The widespread availability in recent years of relatively inexpensive laboratory equipment has provided law enforcement agencies with a practical too for identification of the specific types of substances being abused. Similar laboratory equipment has become available to health agencies and drug-abuse epidemiologists for the testing of body fluids, especially urine, for the presence of drugs.
The most promising of modern laboratory screening methods is the urine test. Metabolites of opiates, barbiturates, amphetamines etc., can be detected by collecting urine either in the field or in institutional settings. Thin-layer chromatography is one of the most common and relatively inexpensive methods now in use, although a variety of newer and more sophisticated methods are available such as radio immuno-assay (WHO [ 4] ).

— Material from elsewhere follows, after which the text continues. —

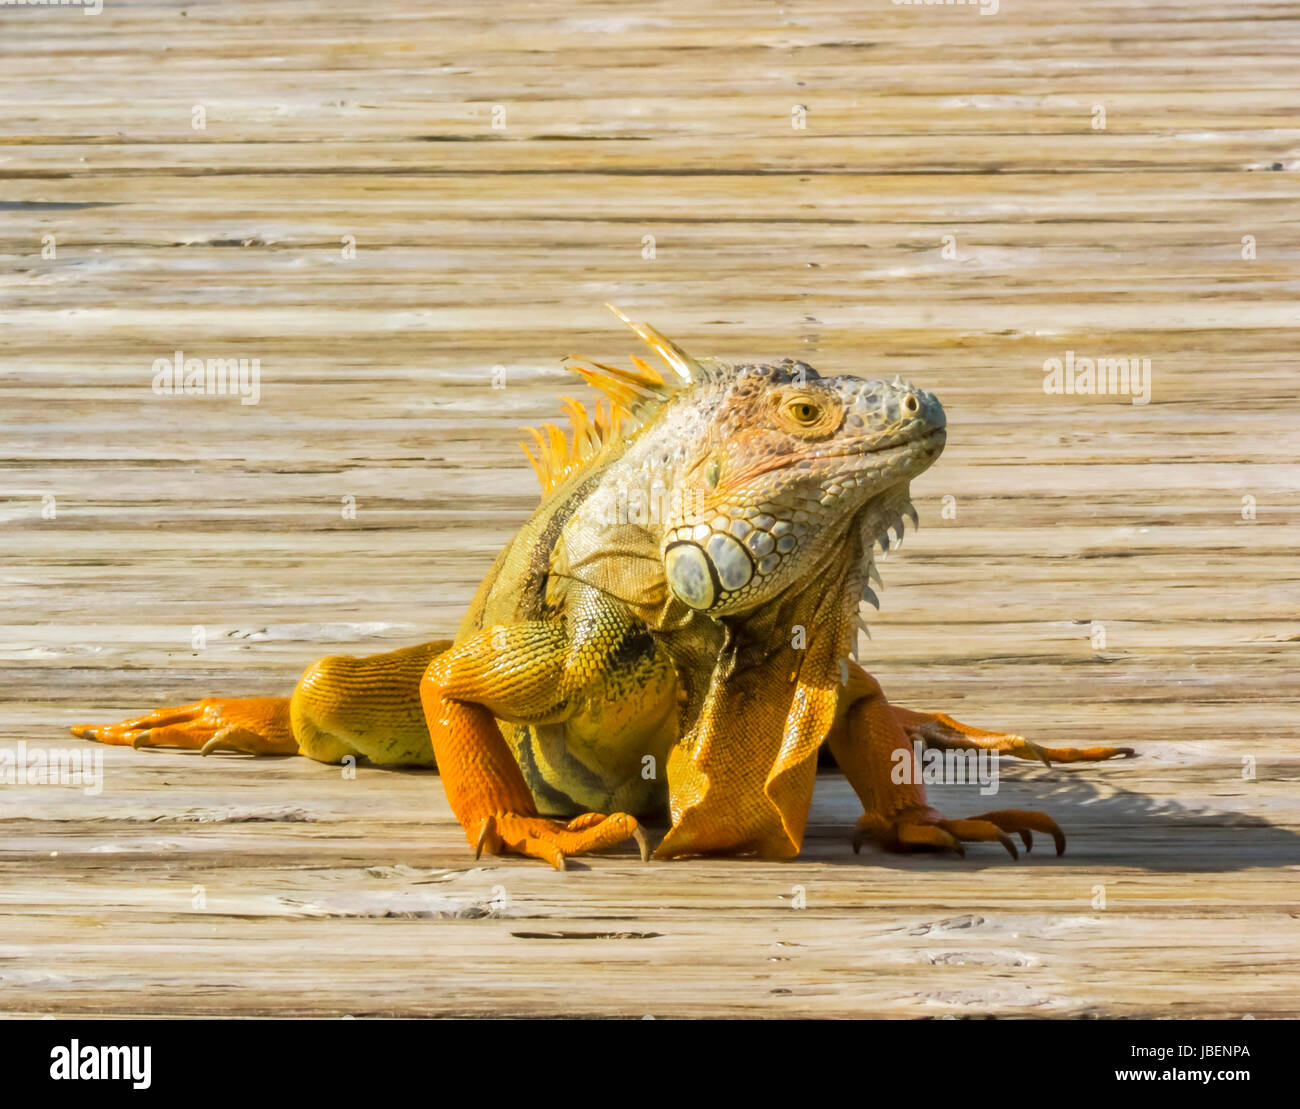 Iguana sunning Stock Photo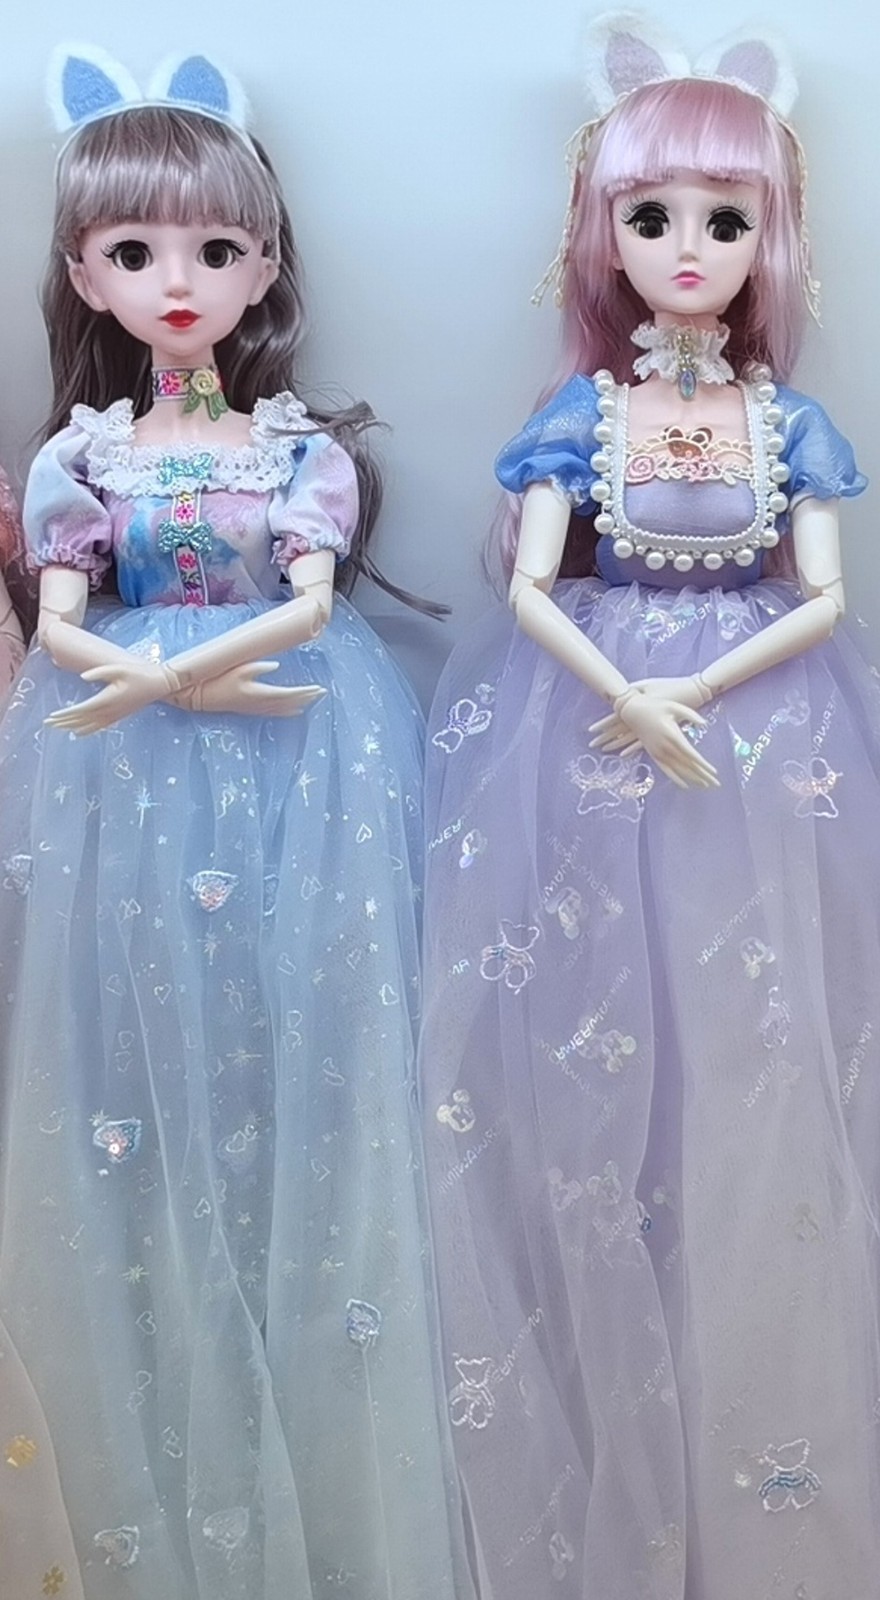 义乌市悦欣玩具厂生产销售各种芭比娃娃系列产品

An ambitious application of urine screening for identification of cases of drug abuse was introduced by the United States Army in the 1970s. Urine testing was mandatory for military personnel in high-risk units and unannounced spot checks were made in other areas. Drug abusers identified in this way were referred for treatment and received follow-up urine tests when they returned to their units (Ruben [ 5] ).Although many cases were identified using this method, mass urine screening is not foolproof; some drug users learn to avoid detection by taping plastic bags of "clean urine" to their legs.
Urine testing has recently been used as a key programme element in Singapore in an effort to identify and rehabilitate all opiate users in the country (McGlothlin [ 6] ). In 1977, Operation Ferret was initiated, in which all suspects at heroin distribution sites were arrested and taken for urine testing. If the urine was heroin-positive, those arrested received compulsory rehabilitation. Careful attention was given to labelling the urine sample, which was divided into two specimens and placed in locked boxes. If the suspect challenged the urine test results, the second sample was available for study.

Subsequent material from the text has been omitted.